• _WHAT YOU SHOULD DO_: Repeat the lines from the one containing "榮耀頭盔! Andrea Dovizioso比賽彩繪帽限量生產販售!" through the last line of the data, exactly, pictures omitted.

Collected data entries
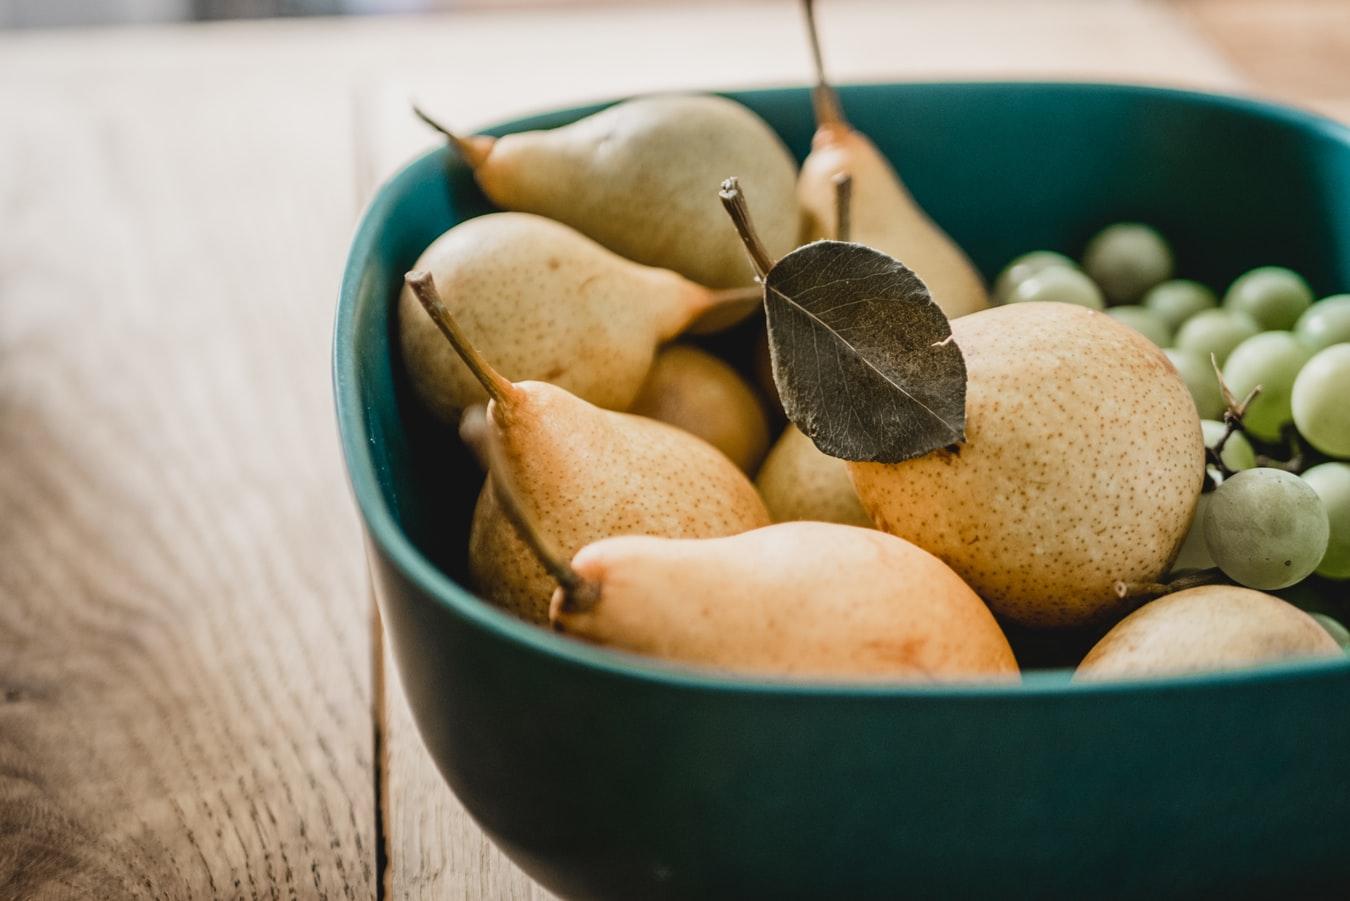 Осенний рацион для здорового питания 9 лучших продуктов - Груши
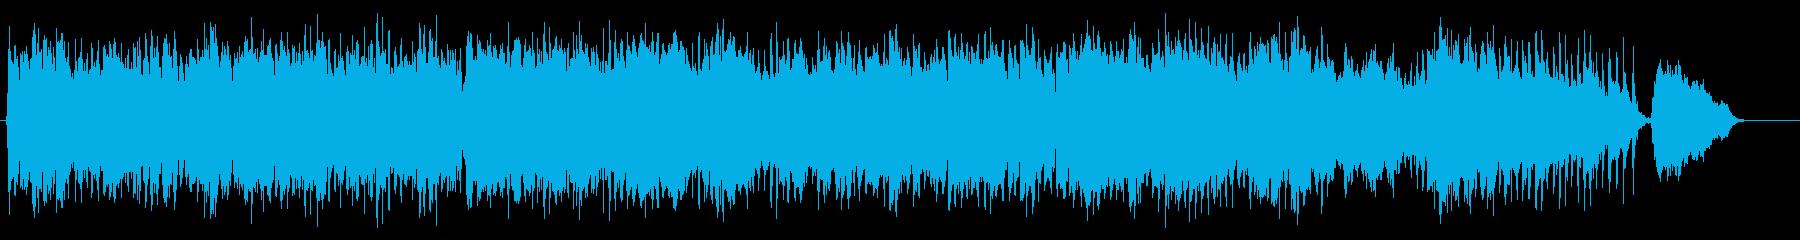 四季「冬」第2楽章 Largoの再生済みの波形
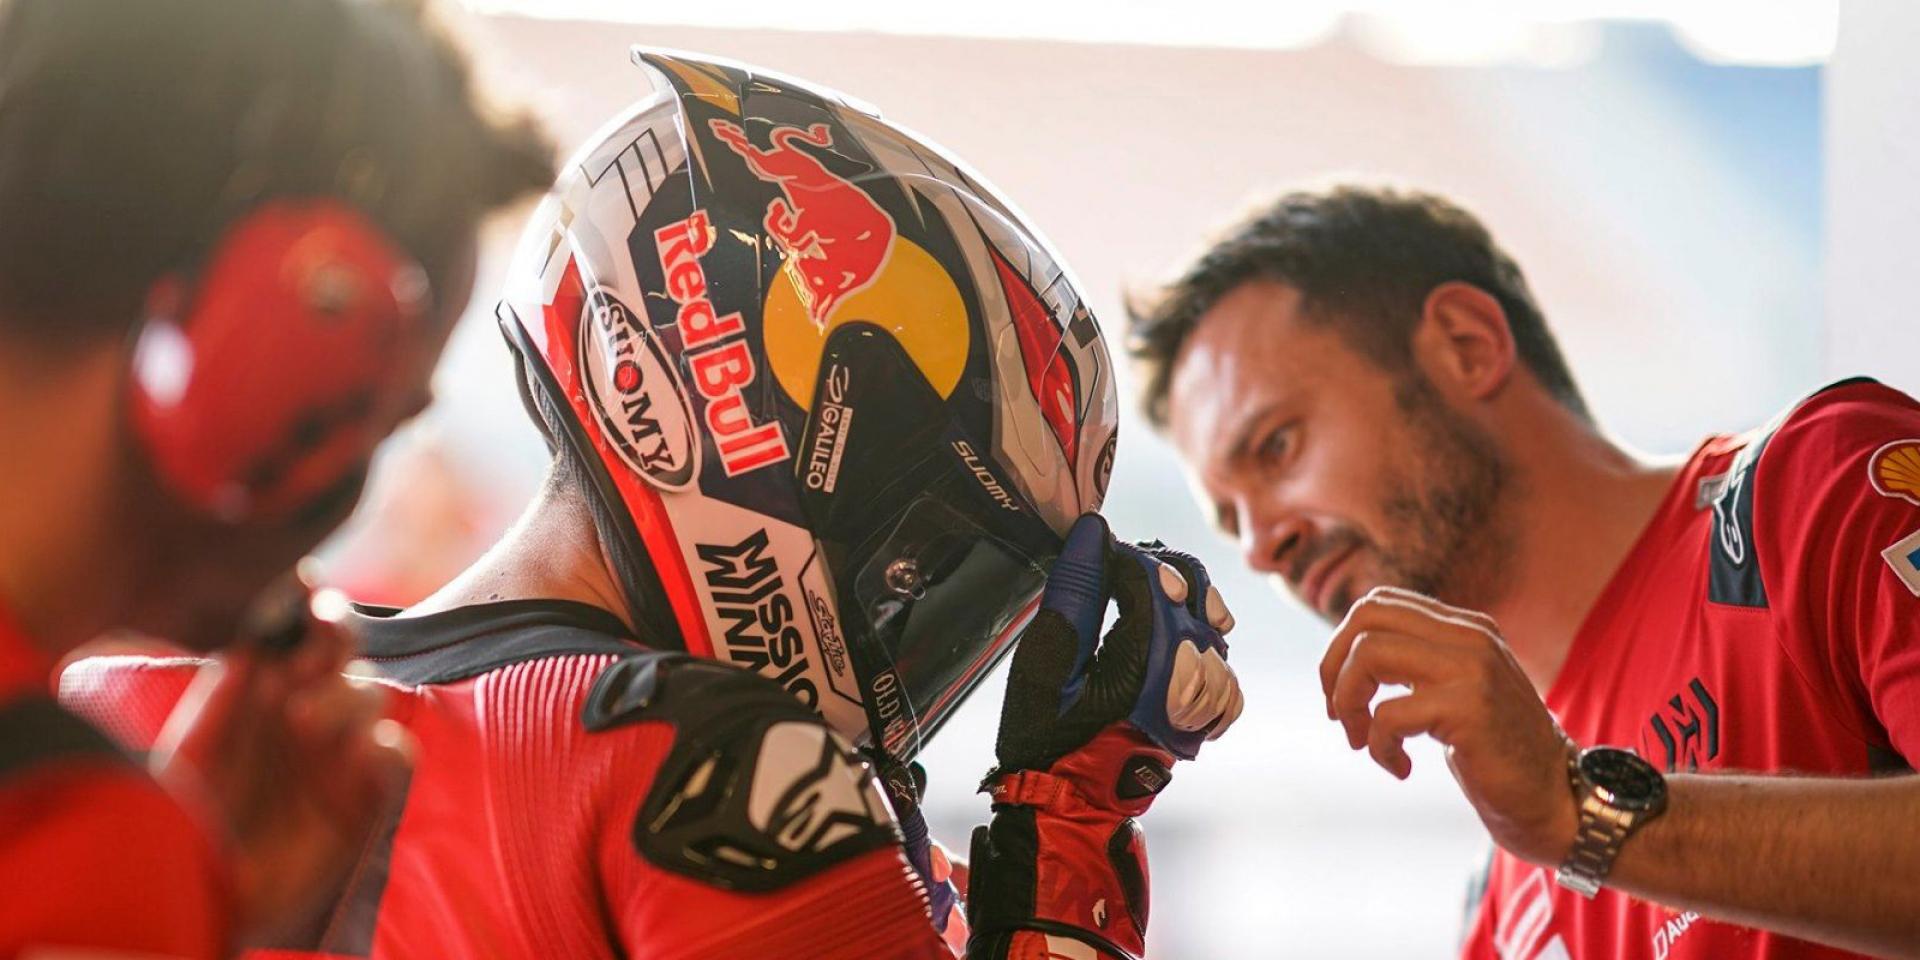 榮耀頭盔! Andrea Dovizioso比賽彩繪帽限量生產販售!
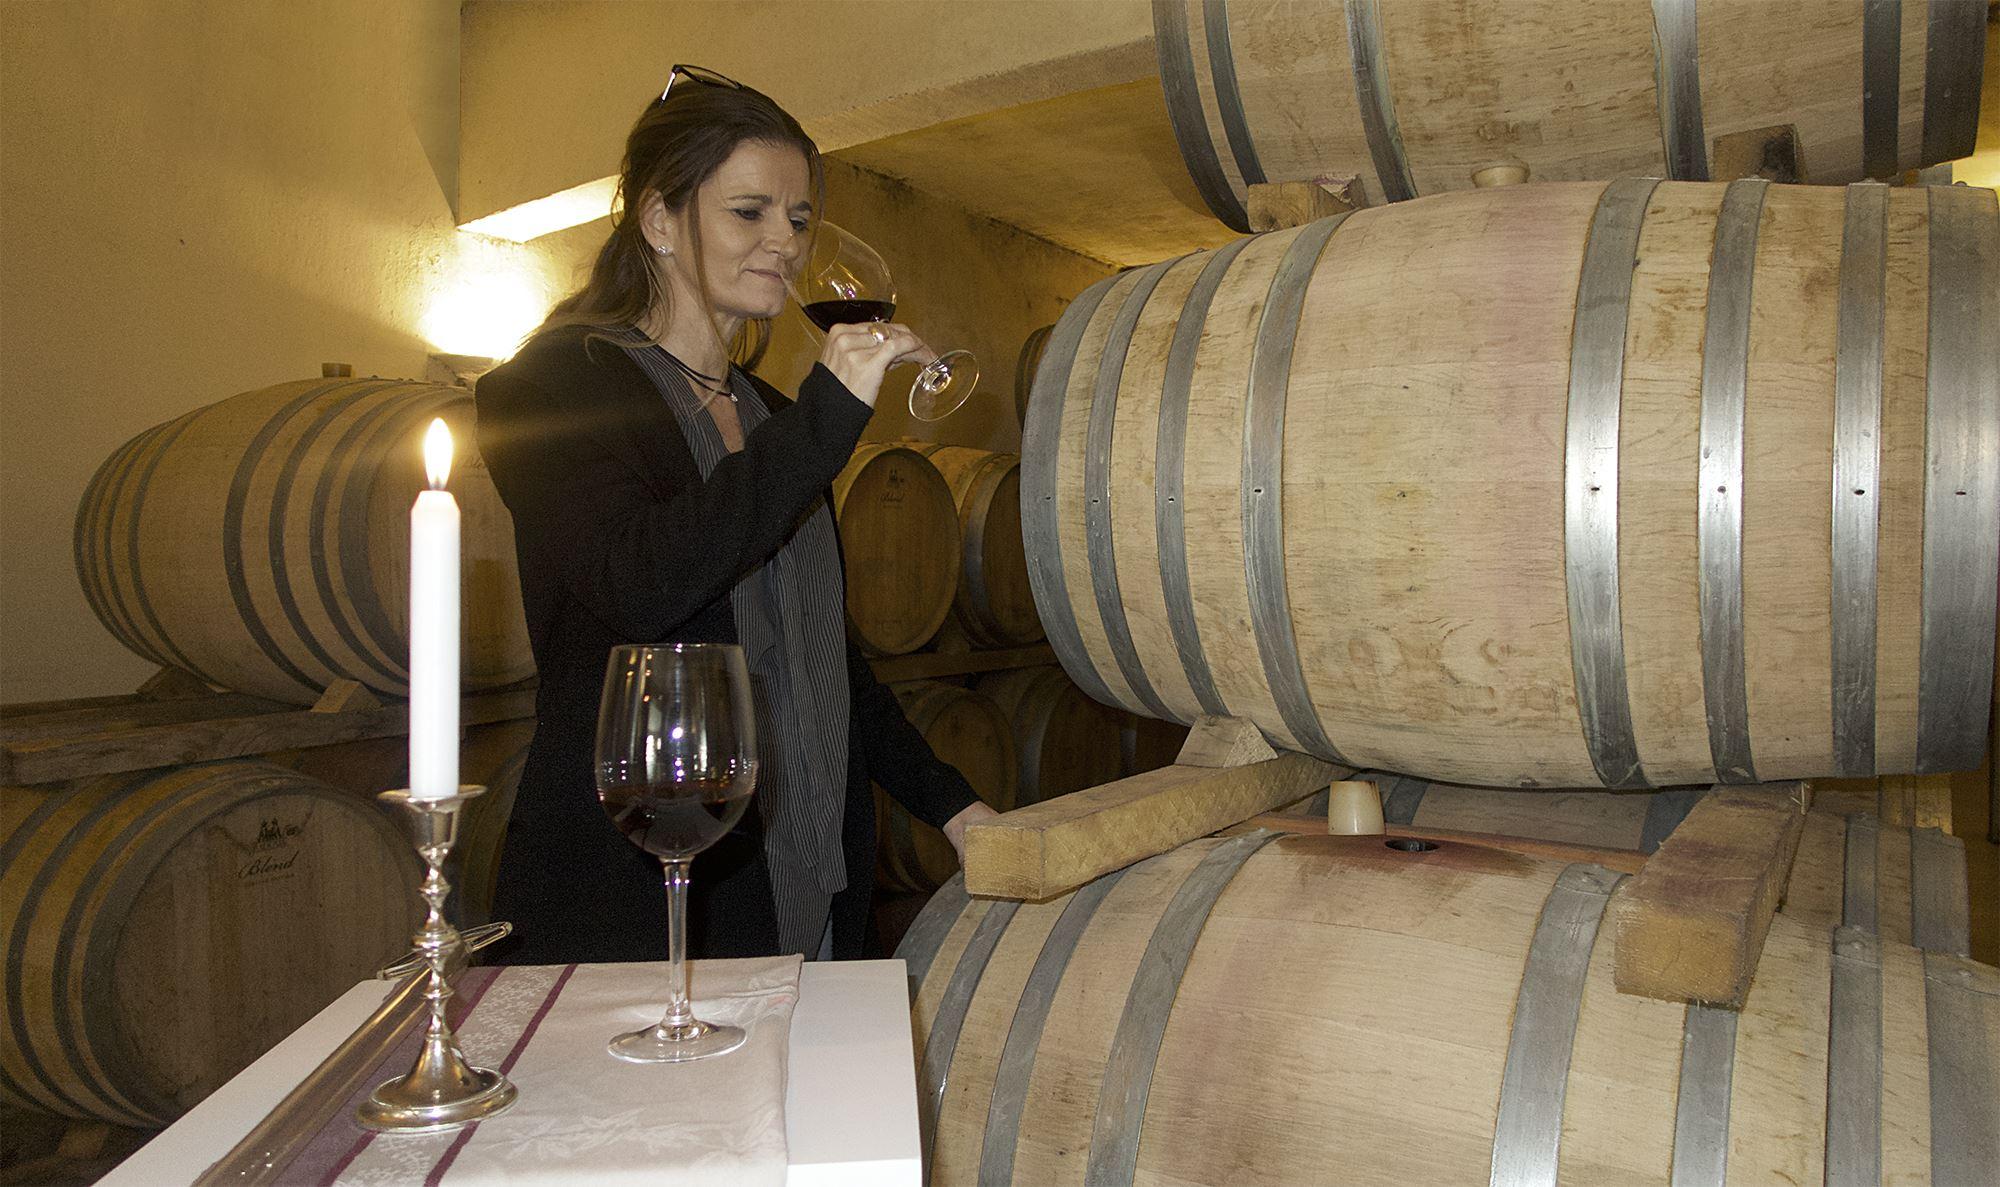 Wine and cheese tasting - Domaine Haut-Lirou
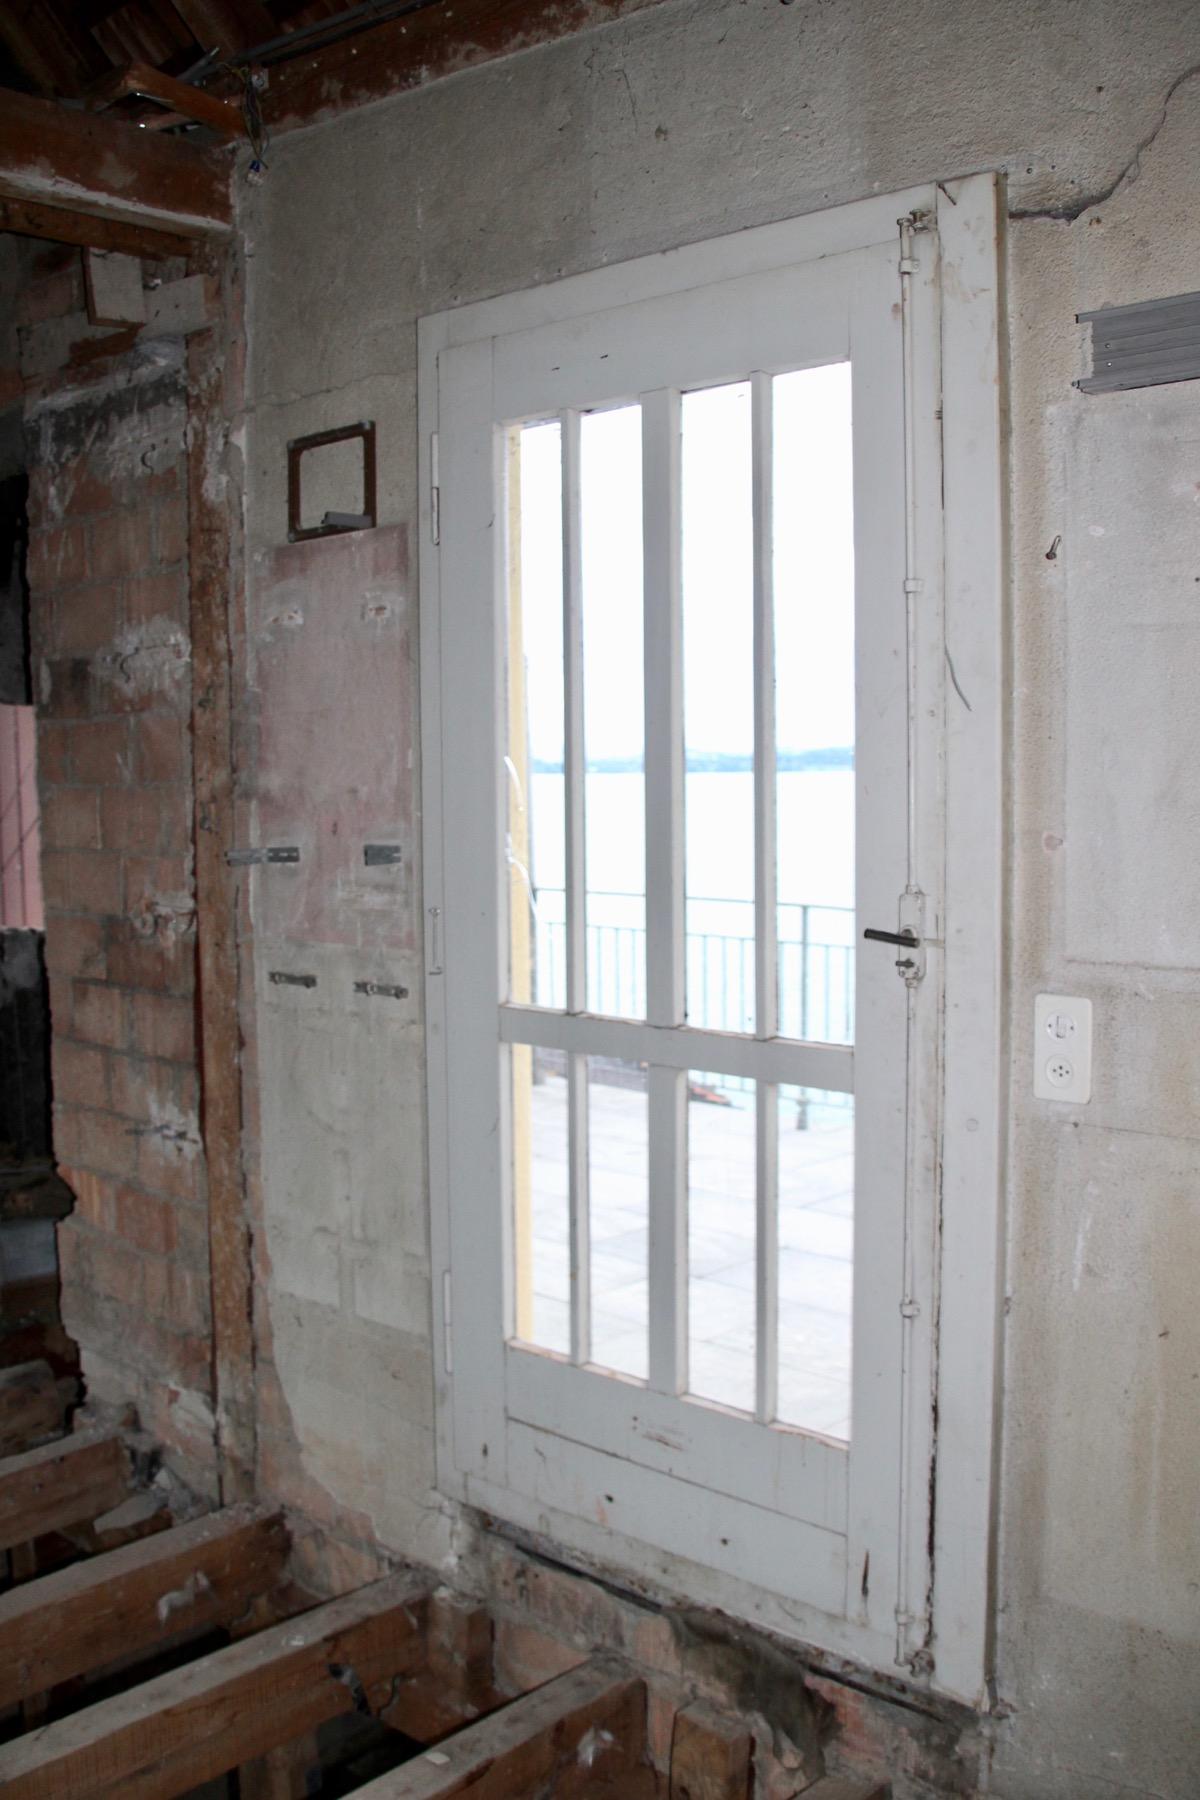 Die verlockende Tür zur Dachterrasse. Leider ist diese nur für Schwindelfreie erreichbar.

• _ANSWER AREA_:
 榮耀頭盔! Andrea Dovizioso比賽彩繪帽限量生產販售!
 Wine and cheese tasting - Domaine Haut-Lirou
 Die verlockende Tür zur Dachterrasse. Leider ist diese nur für Schwindelfreie erreichbar.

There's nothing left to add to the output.